But this is going to get worse. Falling down, dropping things, messing up his reports, showing up late, his weird temper. Slurring his words. Everyone is going to think he's a
drunk. Fuck it. Let them think what they want. Until he's sure that Rosie will have what she needs, this disease is a secret.

Ruth O'Brien drank herself to death.

Like mother like son.

JOE AND ROSIE
get home from MGH with plenty of time for Joe to join Donny and friends at Sullivan's, but he's feeling too fragile, transparent. He's worried it would take only one Guinness to crack him wide open, and he'd be spilling his diagnosis all over Donny and the rest of the bar. No, he's not going to Sullivan's this St. Patrick's Day. But he can't stay home either.

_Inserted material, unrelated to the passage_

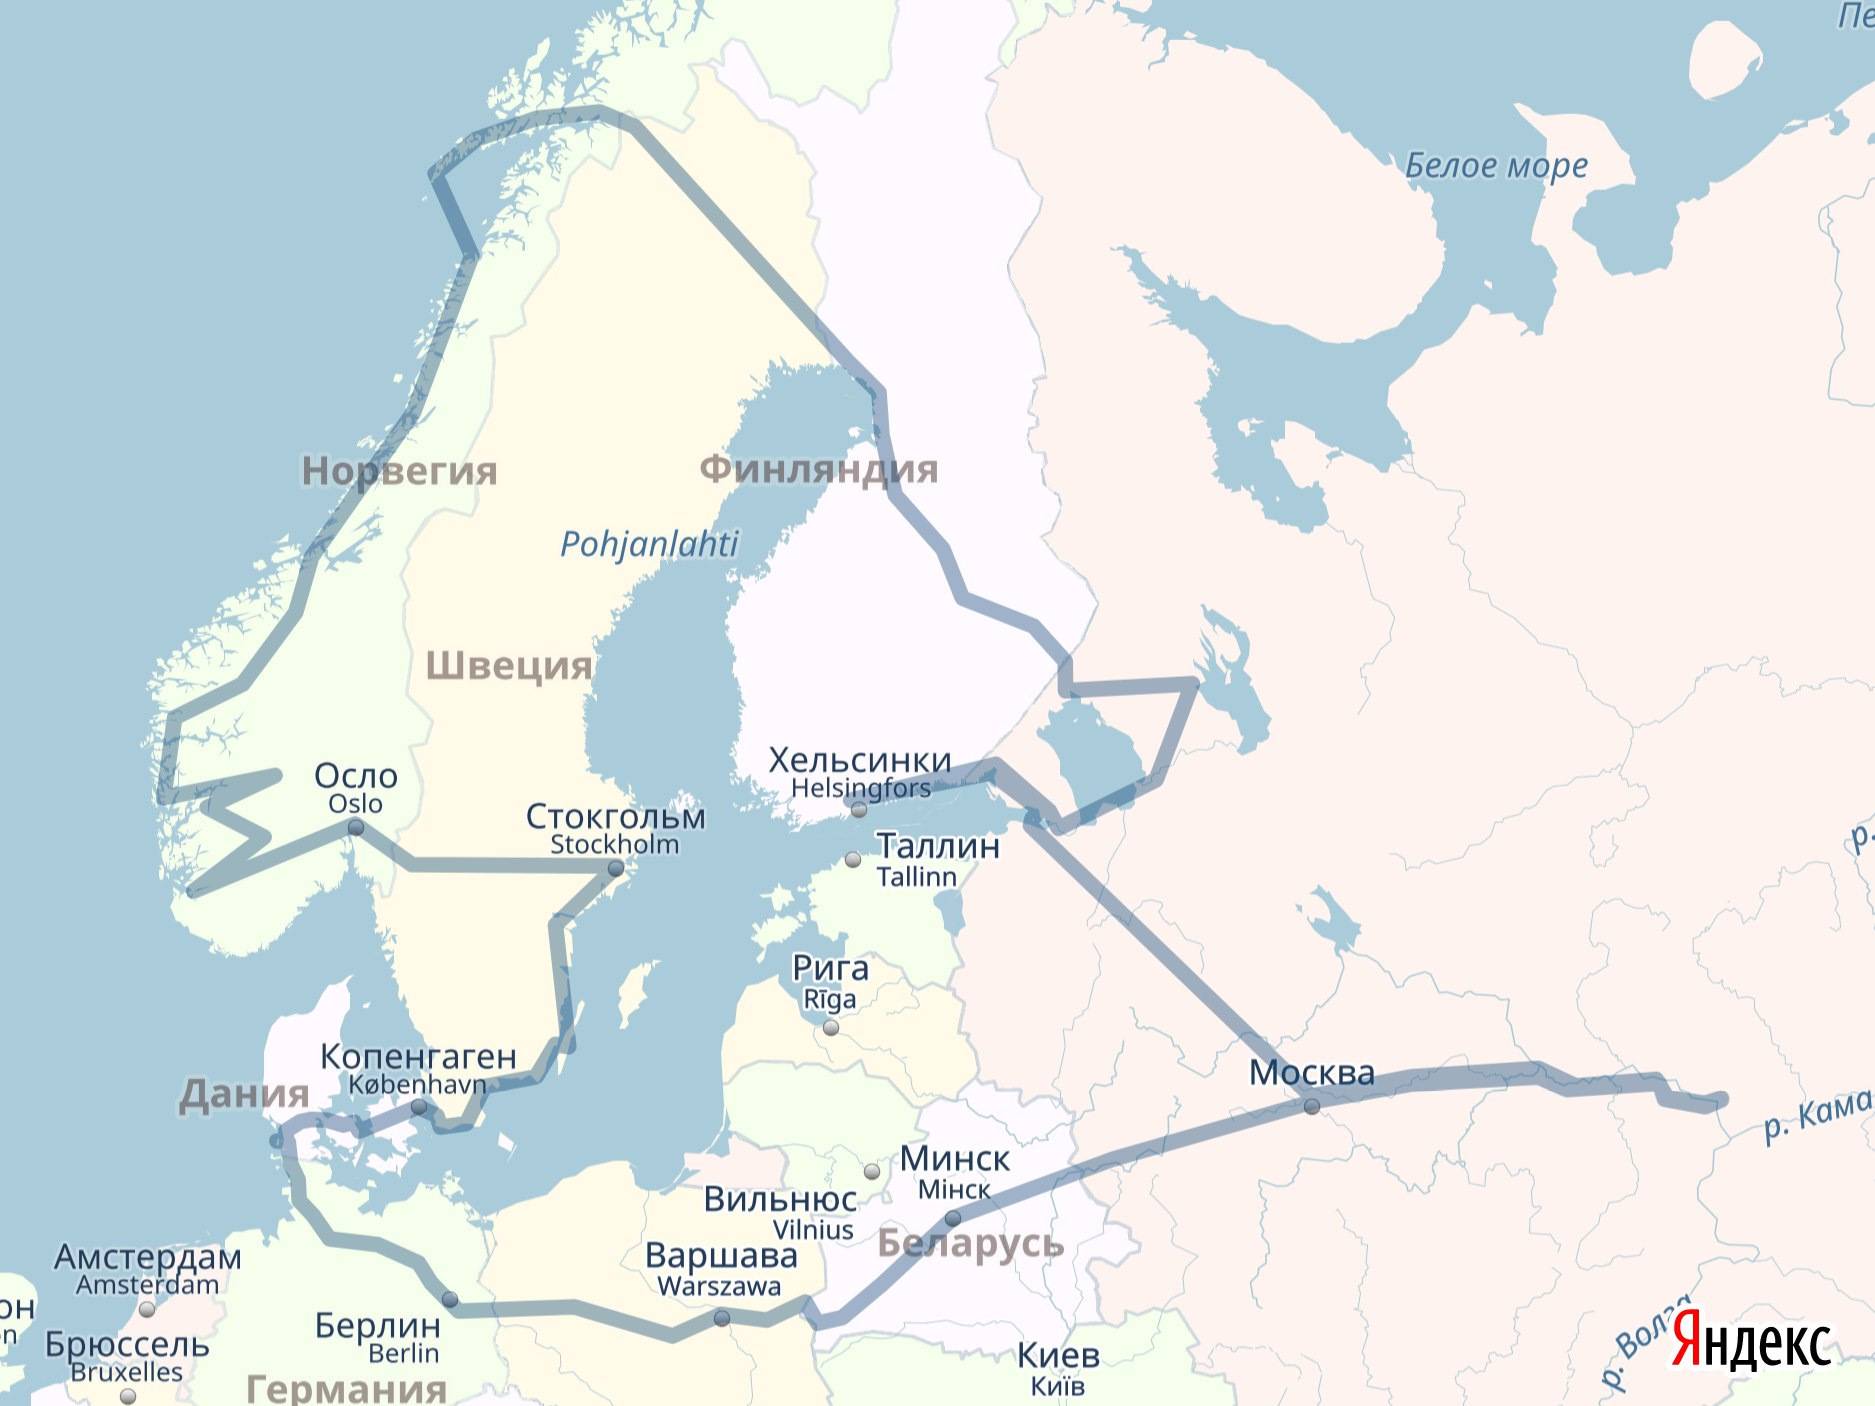 «скандинавская сага», экскурсионный тур финляндия - швеция - норвегия - дания (6 дней) : туры в скандинавию от туроператора нисса-тур

Rosie's at the kitchen sink, peeling potatoes. She's stopped crying, but her eyes are still pink and swollen. She's determined to put on a good face and look normal when the kids show up for supper. Joe and Rosie agreed that they need a little time before dropping the HD bomb on the kids. And Joe would never want to ruin their St. Patrick's Day.

“I'm going for a walk, okay?” asks Joe.

“Where you going?” She spins around, a half-naked potato in one hand and the peeler in the other.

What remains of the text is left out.